» Problem description: Set down a true copy of the data, with all pictures left out.

━━ Supplied material

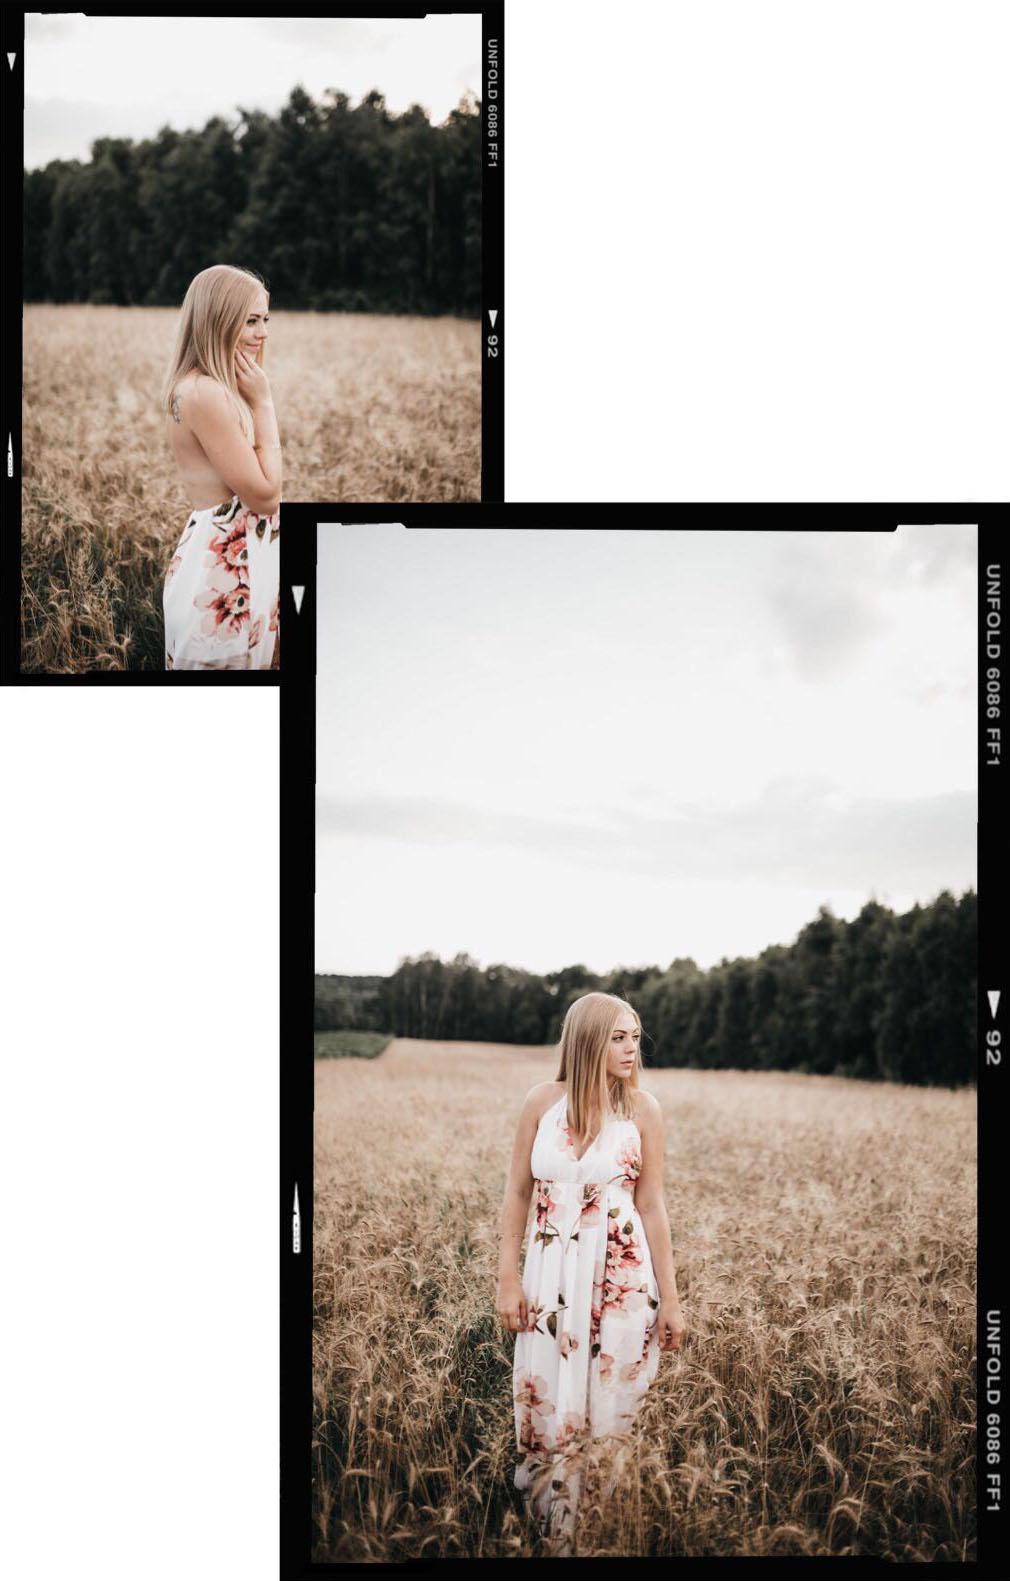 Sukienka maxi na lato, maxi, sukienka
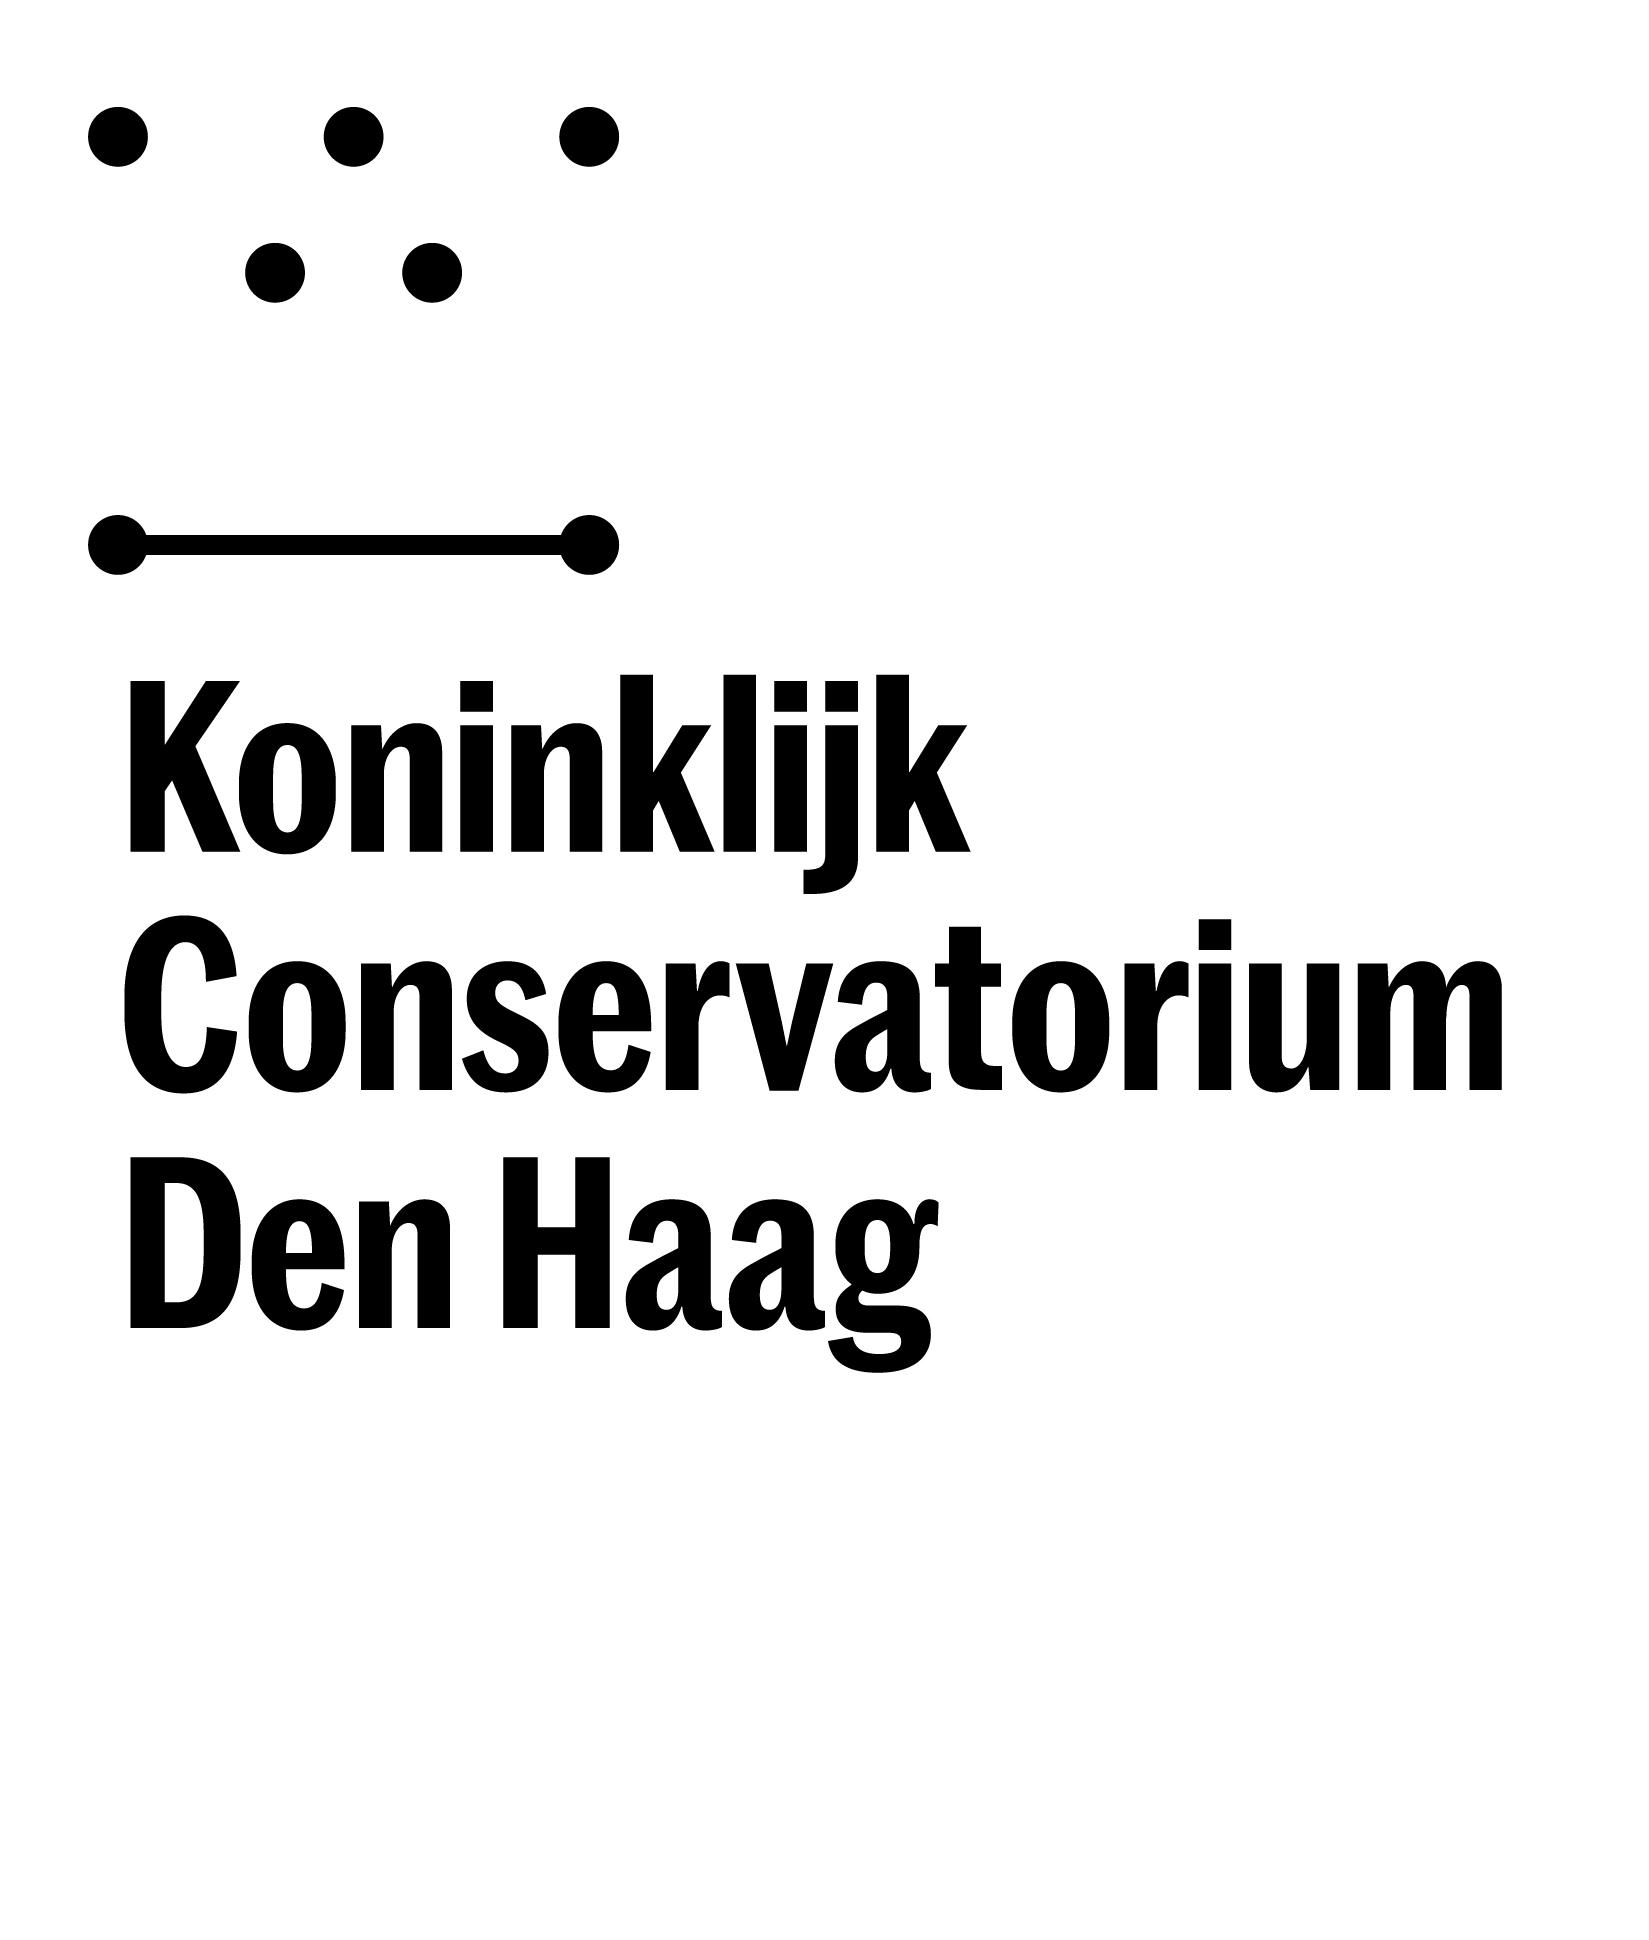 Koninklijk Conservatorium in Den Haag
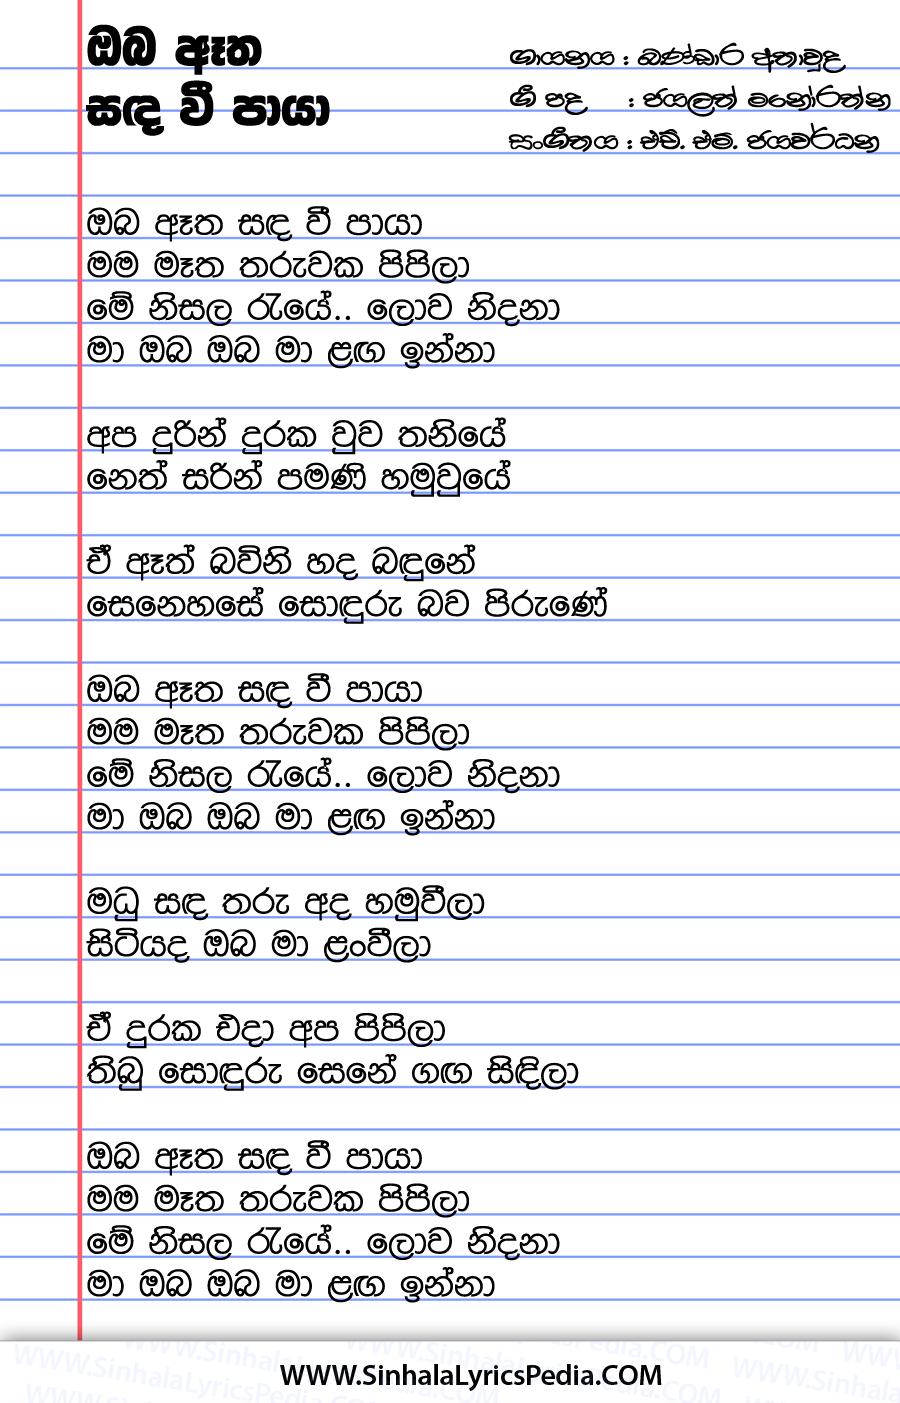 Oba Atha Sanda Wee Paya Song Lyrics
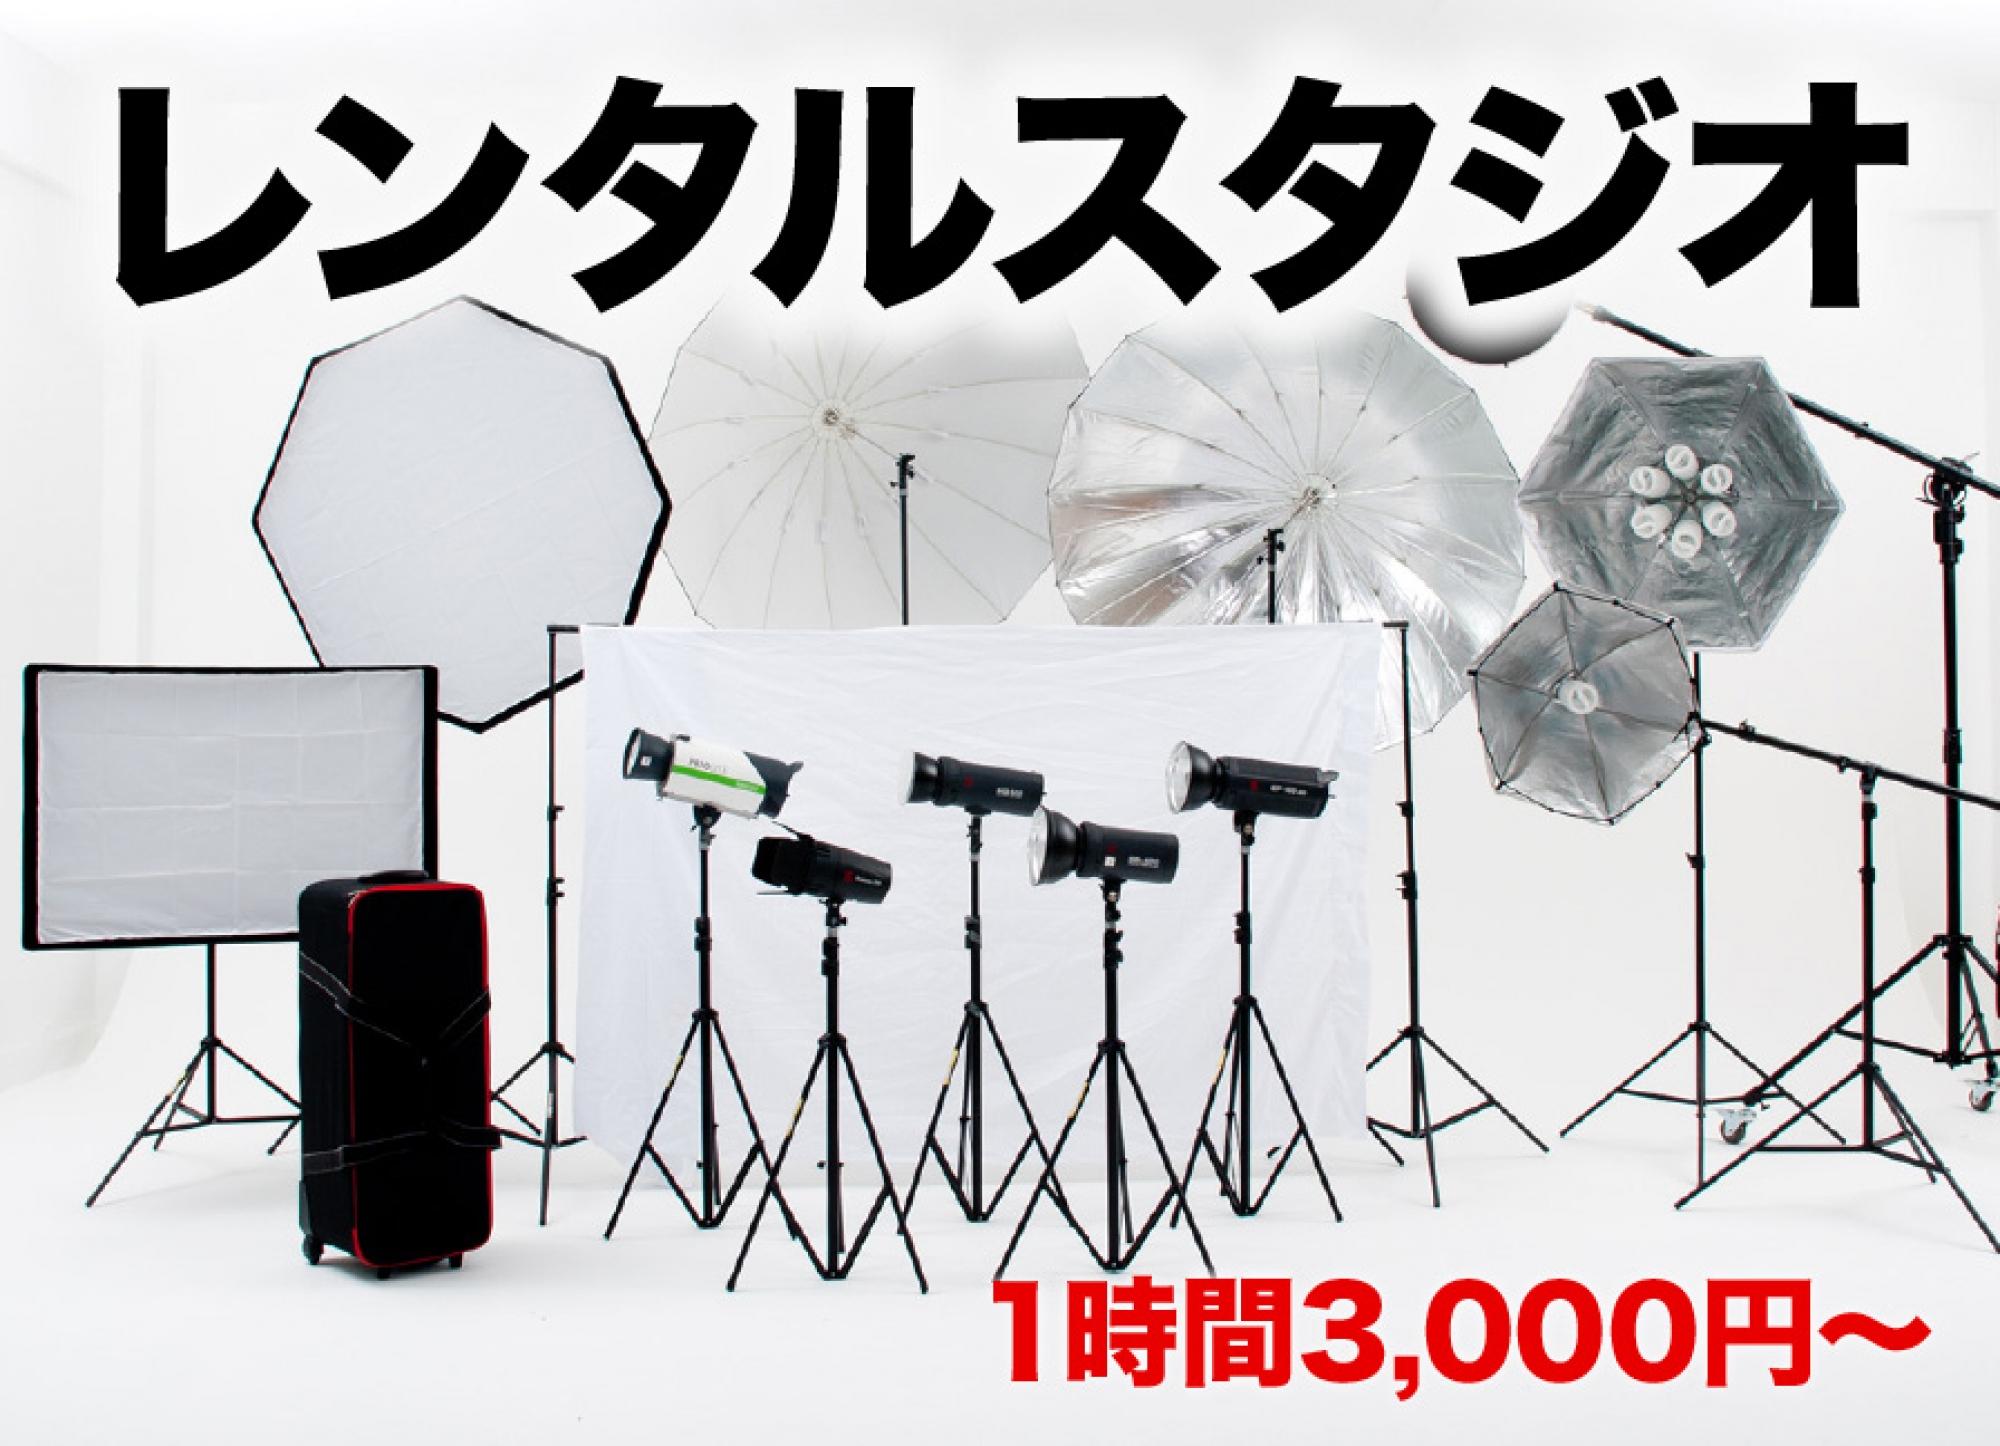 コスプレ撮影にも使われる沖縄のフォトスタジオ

━━━━

» Written response:
 Sukienka maxi na lato, maxi, sukienka
 Koninklijk Conservatorium in Den Haag
 Oba Atha Sanda Wee Paya Song Lyrics
 コスプレ撮影にも使われる沖縄のフォトスタジオ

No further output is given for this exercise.